# Federal Skilled Worker visa



## maddladd (Jan 20, 2012)

Hi all, Myself and my family are planning to make the move from Ireland to Canada under the FSW visa programme. We have a few questions we hope the good folks here can help us with!

1. I will be the Principal Applicant and intend to apply as I am an electrician with over 10 years experience, I think code 7241. I am presently in college studying electrical engineering and want to work as an engineer if I get the visa. I have been told this is ok and I do not have to work as an electrician after I gain the visa, I hope this is correct? 
I assume my wife, who is a Primary school teacher can work also if we get residence?

2. Regarding the visa application, is it only the Principal Applicant that has to do the IELTS test ?

3. We are doing all the paperwork ourselves for the visa, have other people had help or paid immigration lawyers etc.? Which is better?

4. How long have people waited for their visa to be approved/processed and how long after do you have to activate it ?

5. Any other advice/help would be greatly appreciated and help/tips on jobs, thinking of heading for Vancouver, is there much work in Engineering there?


----------



## Auld Yin (Mar 10, 2009)

maddladd said:


> Hi all, Myself and my family are planning to make the move from Ireland to Canada under the FSW visa programme. We have a few questions we hope the good folks here can help us with!
> 
> 1. I will be the Principal Applicant and intend to apply as I am an electrician with over 10 years experience, I think code 7241. I am presently in college studying electrical engineering and want to work as an engineer if I get the visa. I have been told this is ok and I do not have to work as an electrician after I gain the visa, I hope this is correct?
> 
> ...


Vancouver and its environs should provide you with many job options


----------



## EVHB (Feb 11, 2008)

Your wife has to go to Teachers College to get some extra training, they don't accept foreign educational credentials for the full 100% . See Ontario Immigration - Working as a Teacher in Ontario


----------



## G-Mo (Aug 17, 2011)

EVHB said:


> Your wife has to go to Teachers College to get some extra training, they don't accept foreign educational credentials for the full 100% . See Ontario Immigration - Working as a Teacher in Ontario


Why would they look at Ontario Immigration when they want to go to British Columbia (Vancouver)?


----------



## G-Mo (Aug 17, 2011)

maddladd said:


> 1. I will be the Principal Applicant and intend to apply as I am an electrician with over 10 years experience, I think code 7241. I am presently in college studying electrical engineering and want to work as an engineer if I get the visa. I have been told this is ok and I do not have to work as an electrician after I gain the visa, I hope this is correct?

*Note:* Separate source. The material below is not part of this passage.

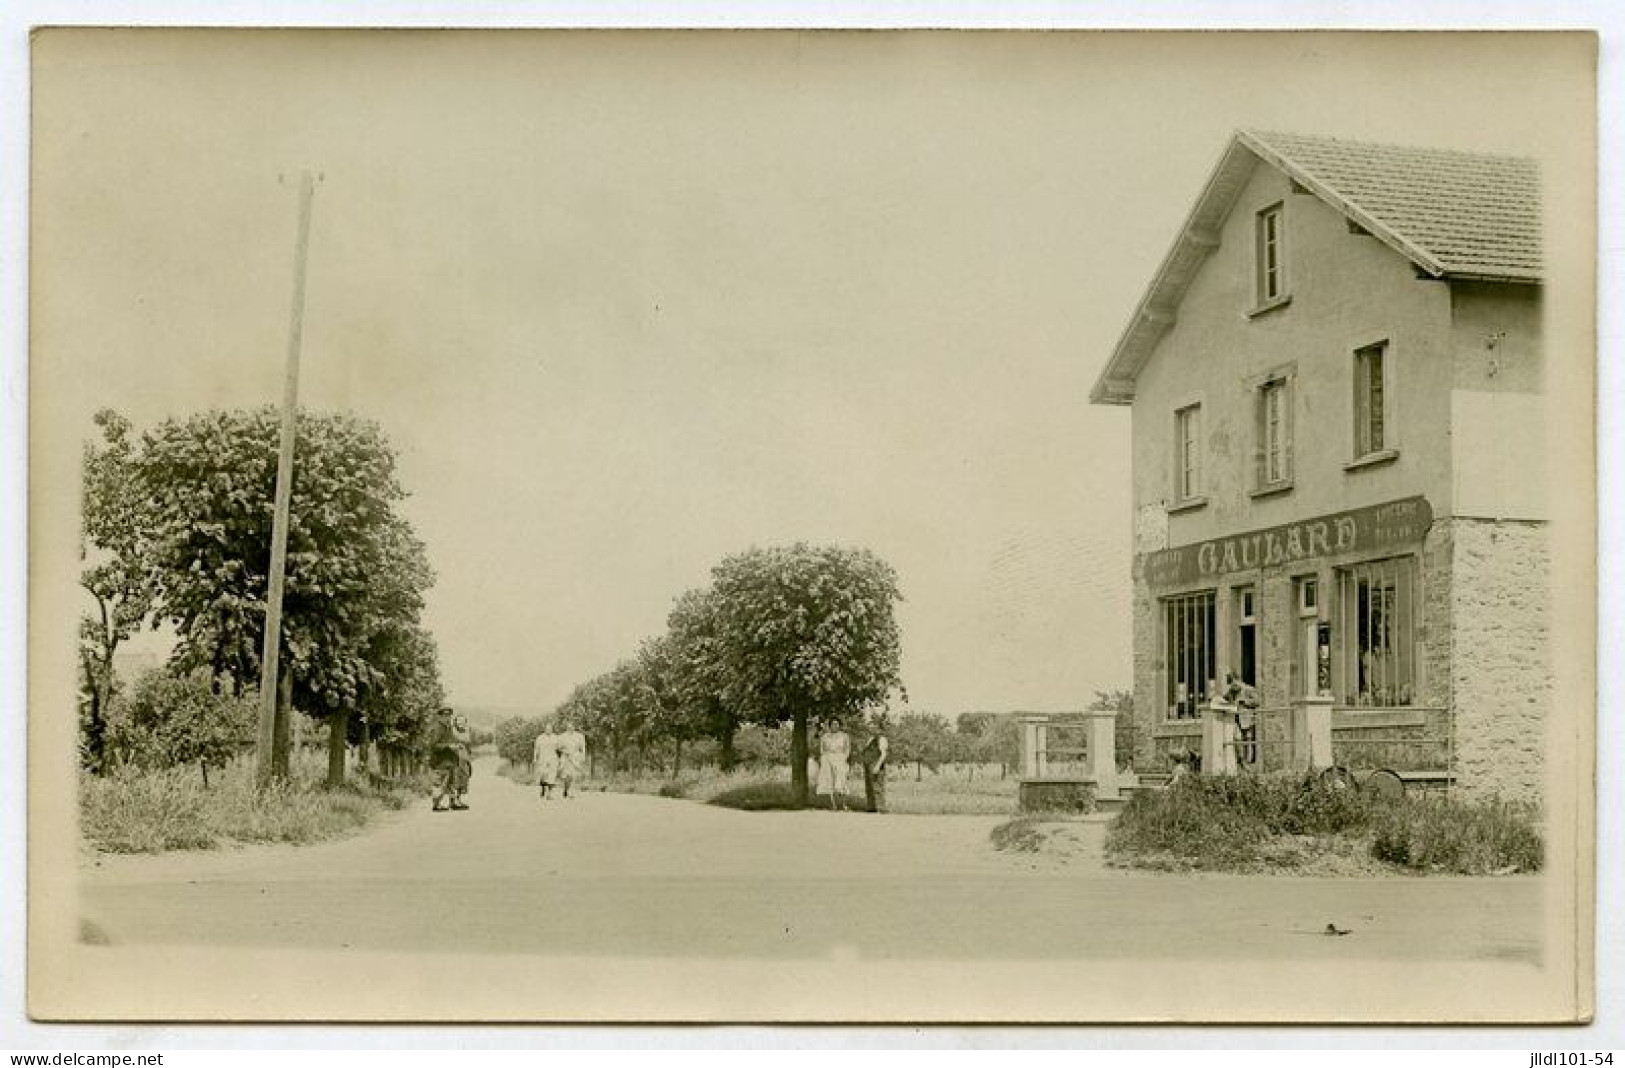 78 - Porcheville, Avenue Louis Tibaldi, épicerie Café Gaulard (lt6) - Porcheville

Are you working as an electrician while you are at college studying? I believe the skilled worker criteria specifies that you have to be employed in said job for the 12 months preceding your application.


----------



## EVHB (Feb 11, 2008)

For BC: Teaching In BC | Ask the Expert Blog


----------



## maddladd (Jan 20, 2012)

Thanks for all the replies, G-mo looked it up there it said you have to have at least one years work experience in chosen field in last 10 years so hopefully should be ok. 
I went through the wizard again and it looks like the cap has been reached until July 2012 for Federal Skilled Worker but Skilled Worker was still open, is there a difference in them and if so what is it, also would a job offer first be an easier route to go down?

Does anyone know if it would be a problem to get a work permit as a Graduate Electrical Engineer, might this be an easier route and how long on average do the permits last for ?


----------



## G-Mo (Aug 17, 2011)

maddladd said:


> Thanks for all the replies, G-mo looked it up there it said you have to have at least one years work experience in chosen field in last 10 years so hopefully should be ok.

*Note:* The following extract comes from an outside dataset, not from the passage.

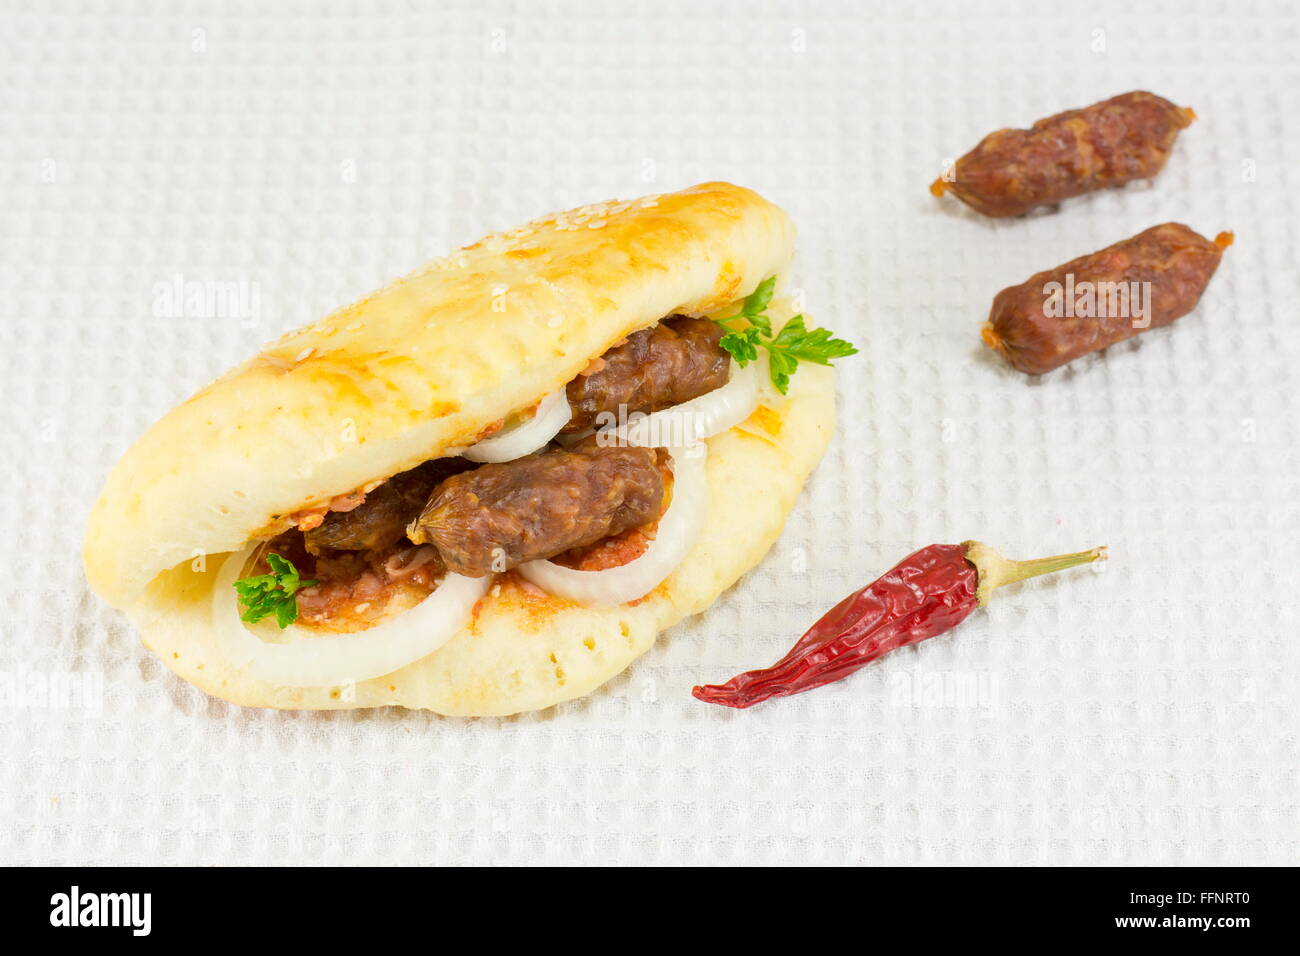 Sandwich gastronomique épicée avec des petites saucisses sur nappe blanche Banque D'Images

Hmmm... Must be LMO/TWP or NZ PR I'm thinking of! On your way...


----------



## Lianth2009 (May 9, 2011)

Im not sure what you are referring to with the CAP been reached, is this for your trade? Electrician is not capped

Total complete applications received since July 1, 2011


You as the prinicipal applicant have to sit the IELTS exam, your wife does not.

We did all the paperwork ourselves, and it is easy to do, rather than pay someone £1500 plus to do it. Any queries you can always ask on here, or check the CIC website, which is pretty self explanatory. Thats what we did.

Time line varies, check the CIC website for processing times

Hope this helps


----------



## maddladd (Jan 20, 2012)

Thanks for the link checked it out doesn't look like it's capped alright. I did the coming to Canada wizard and it told me cap was reached but maybe I did something wrong!


----------